Callebaut is a Belgian chocolate brand, owned by the Barry Callebaut group. It was founded in 1911 by Octaaf Callebaut in Belgium.

About

Callebaut is a Belgian coverture chocolate manufacturer. Coverture chocolate contains high amounts of cocoa butter. This chocolate is often used by gourmet and culinary professionals. Many professionals who use Callebaut coverture chocolate use it for its work ability and typical taste, which has remained consistent over the decades.
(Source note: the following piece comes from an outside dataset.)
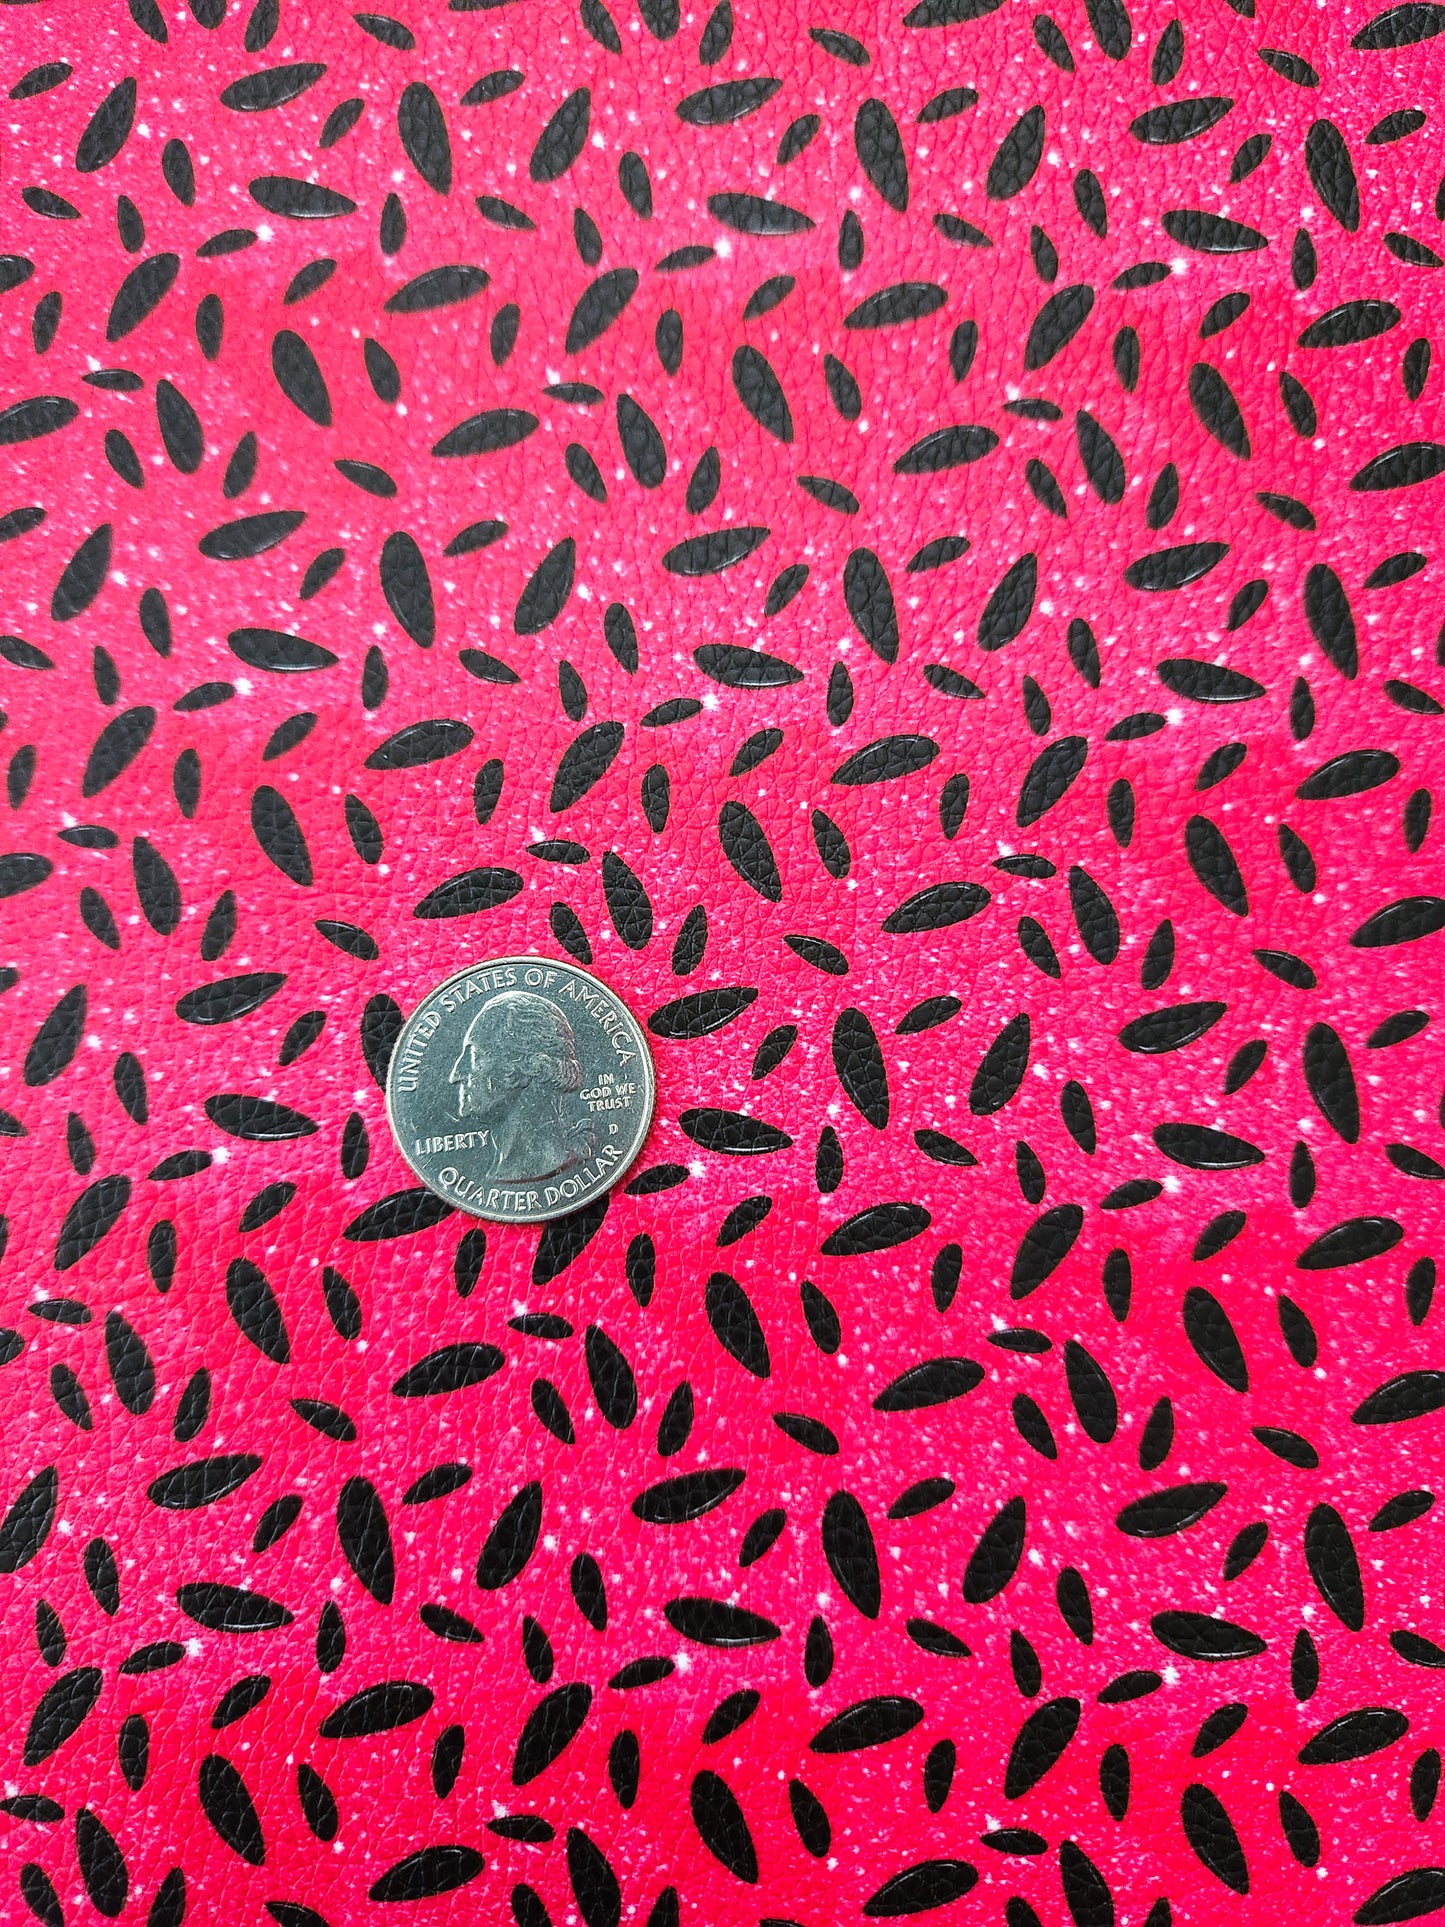 Glittery Watermelon Seeds 9x12 faux leather sheet

The company's core chocolate range is manufactured in Belgium from bean to chocolate according to traditional recipes. Callebaut still applies the whole-bean roasting technique, rather than just roasting cocoa kernels, as it did over 100 years ago. This technique allows preservation of all flavors and aromatic oils within the cocoa husk and fully releases them in the chocolate. In recent times, whole-bean roasting has often been seen to be a technique used by artisan, small-batch chocolate makers though Callebaut has preserved this original roasting method.

History

Chocolaterie Callebaut

‘Chocolaterie Callebaut’ was established in 1911 by Octave Callebaut in Wieze, Belgium. His chocolate company used the same factory building his grandfather Eugène Callebaut founded as a family-run brewing and milling company called ‘De Ploeg’ in 1850.

Octave Callebaut's chocolate recipes (of which the 811 and 823 recipes are still produced today) quickly found liking by numerous chocolatiers, bakers and pastry chefs. As a result, Chocolaterie Callebaut PLC was established in 1930. A clear focus towards the professional market took shape and the company from then on dedicated its activities to supplying and servicing chocolatiers, confectioners and bakeries.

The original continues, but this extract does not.